Peculiar People Day

A Peculiar People, by J. Spencer Fluhman - Amazon.com

A Peculiar People, by J. Spencer Fluhman – Amazon.com

Peculiar People Day is celebrated on January 10th of each year. The Staff at National Whatever Day were unable to discover the origin of Peculiar People Day, however we believe it may have something to do with an offshoot of the Wesleyan denomination, The Peculiar People.

The Peculiar People were founded in 1838 in Rochford, Essex, by John Banyard, a farm worker’s son born in 1800. They derive their name from an alternate translation of the phrase “Chosen people” taken from the book of Deuteronomy.

Banyard was frequently drunk until his wife asked him to attend a service in the local Wesleyan Methodist chapel. The preacher’s message had a profound effect on Banyard so that he became teetotal and regularly attended the church. Before long he became a reputable preacher on the Wesleyan circuit. In 1837 he and William Bridges took a lease on an old workhouse at Rochford which became the first chapel of new group which Banyard and Bridges called the Peculiar People, a name taken from Deuteronomy 14:2 and 1 Peter 2:9.

In the mid 1850s they spread deeper into Essex, much of which was agricultural land occupied by a naturally conservative population.
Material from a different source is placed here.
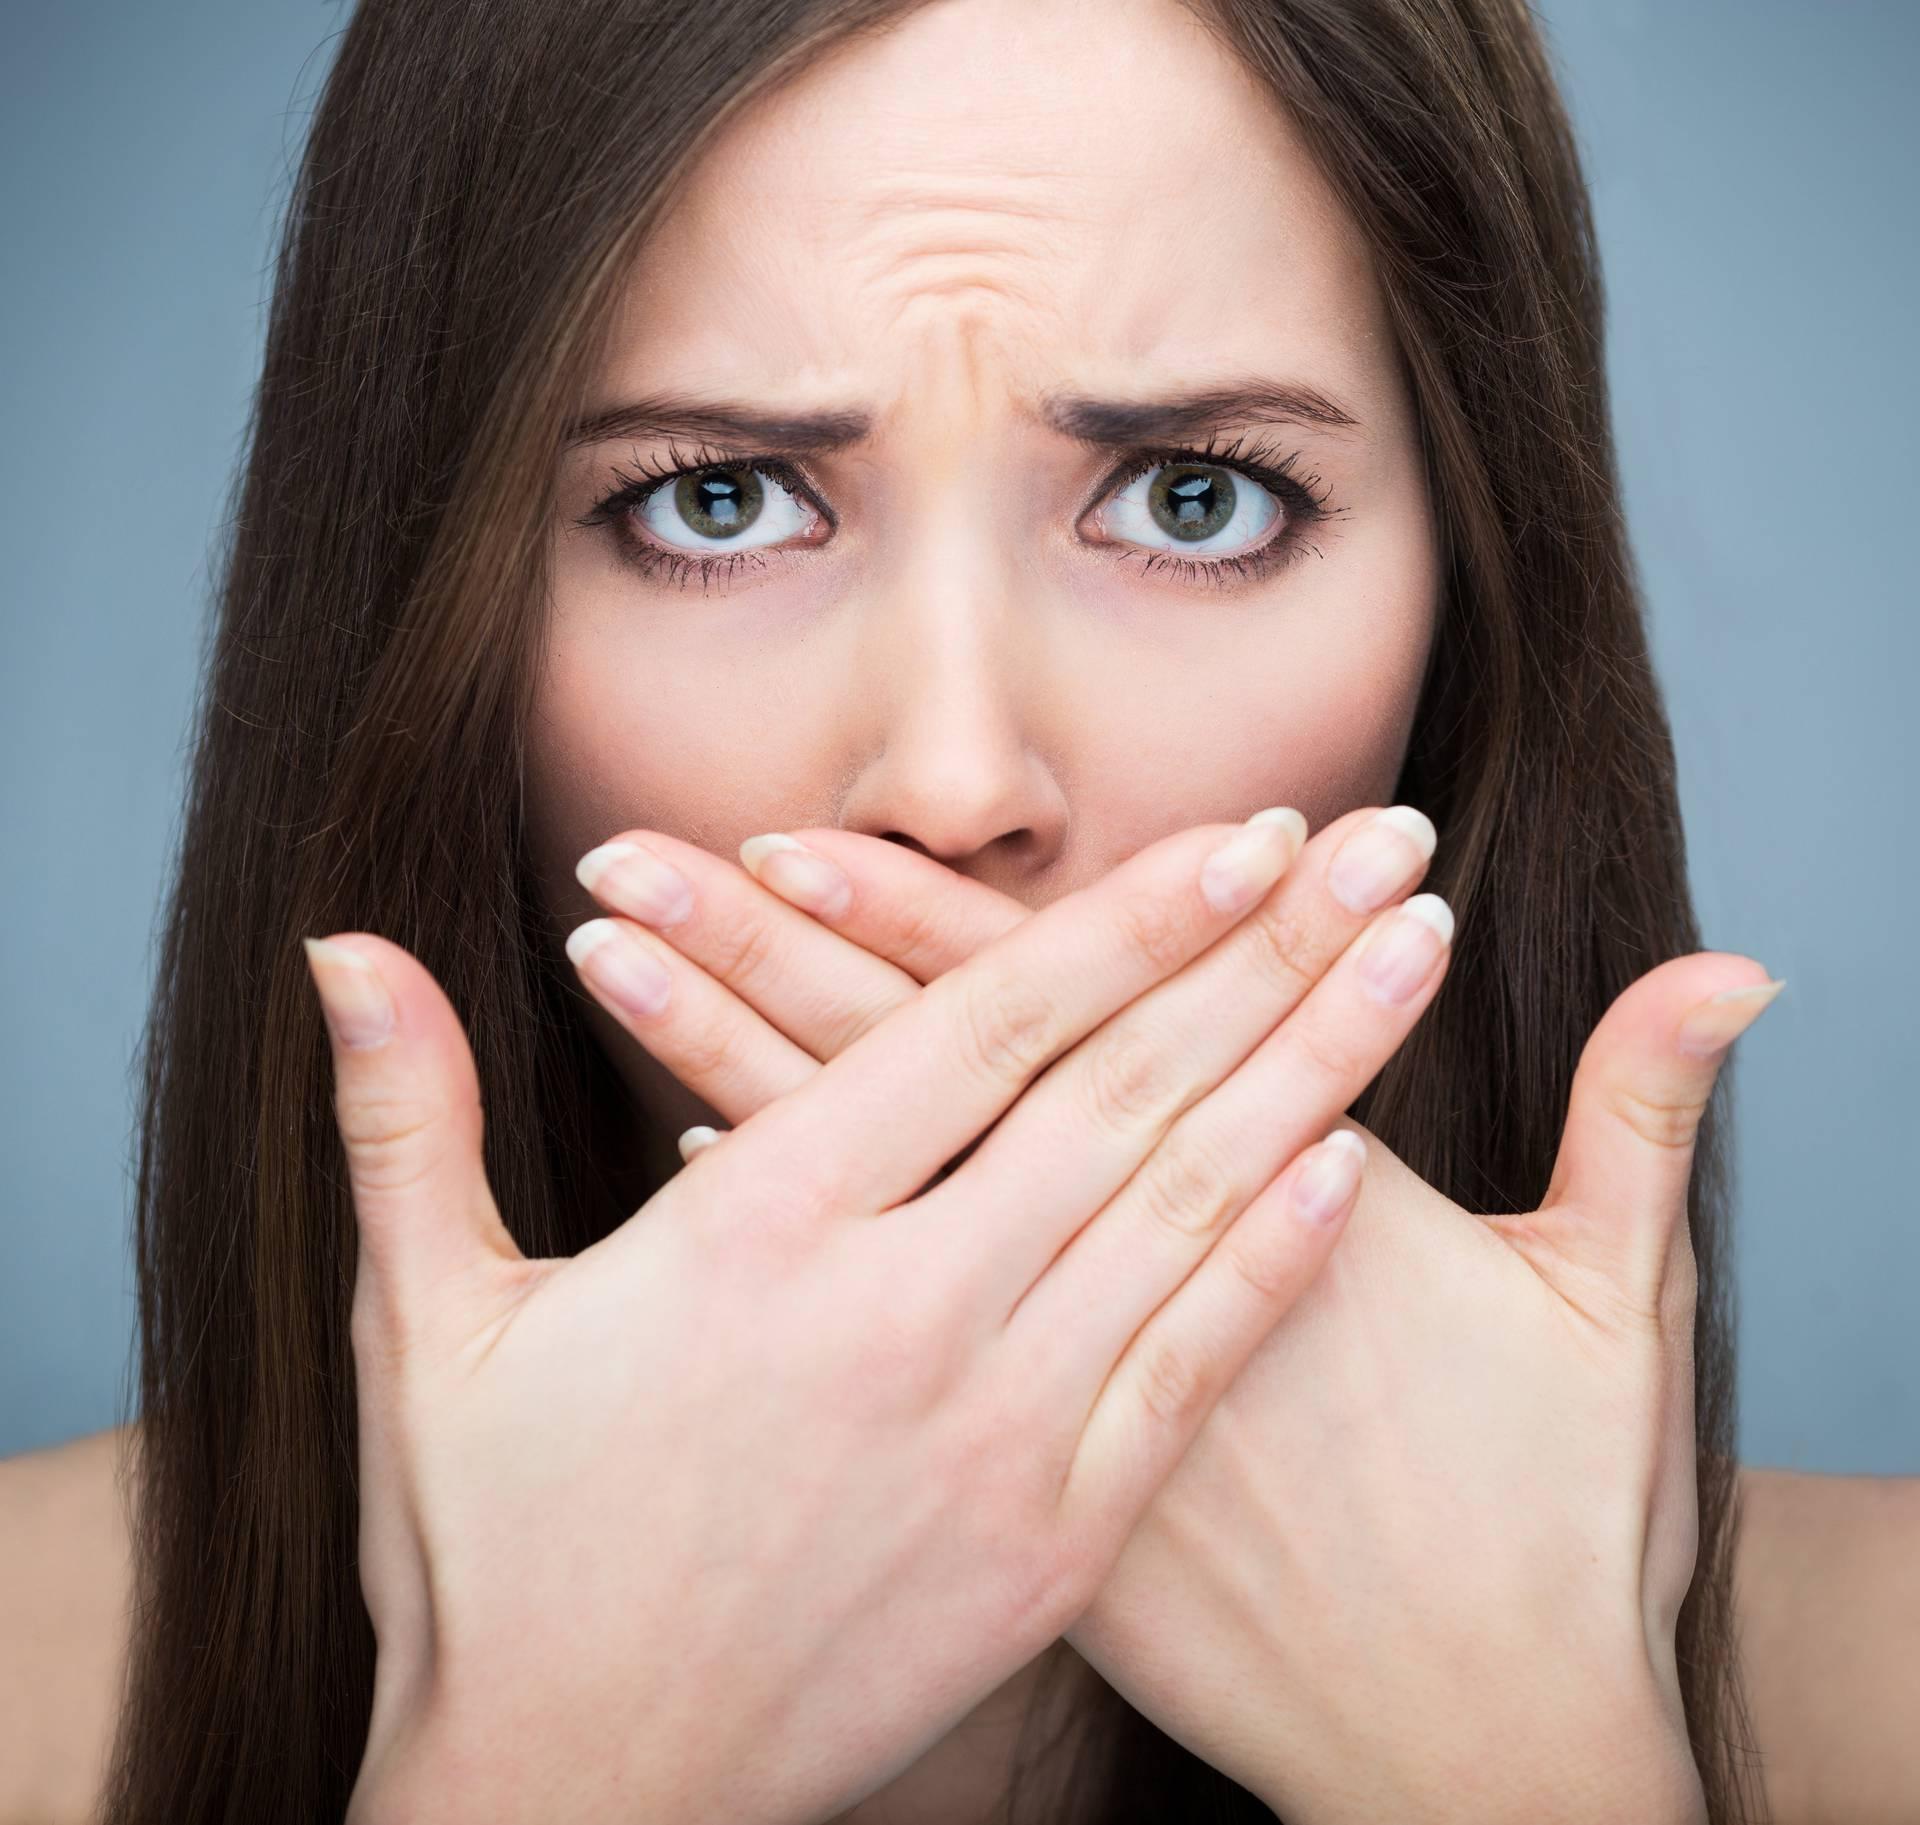 Stomatolozi savjetuju kako se lako riješiti neugodnog zadaha

The Peculiar People preached a puritanical form of Christianity which proved popular and numerous chapels sprang up throughout rural Essex. They also practised faith healing.

There is a fascinating account of the Peculiars in nineteenth century Plumstead in “Unorthodox London” by C. M. Davies. In Blunt’s Dictionary of Sects and Heresies (1874), the Peculiars were described as ‘a sect of very ignorant people’.

The Peculiar People practiced a lively form of worship and considered themselves bound by the literal interpretation of the King James Bible. They did not seek immediate medical care in cases of sickness, instead relying on prayer as an act of faith. This led to judicial criticism when children died due to lack of treatment. In response to the concern about refusing medical care, which led to some parents being imprisoned after a 1910 diphtheria outbreak in Essex, the sect split between the ‘Old Peculiars’, who still rebuffed medicine, and the ‘New Peculiars’, who somewhat reluctantly condoned it. The split healed in the 1930s, when in general the New Peculiar position prevailed. During the two World Wars, some Peculiar People were conscientious objectors, believing as they still do that war is contrary to the teachings of Jesus Christ.

Church membership had peaked in the 1850s with 43 chapels, but it declined until 1956, when the Peculiar People changed their name to the less conspicuous Union of Evangelical Churches. The movement continues with regular worship at 16 remaining chapels in Essex and London. Some of the traditional distinctive features mentioned have been abandoned, so that UEC churches today are similar to other Evangelical churches.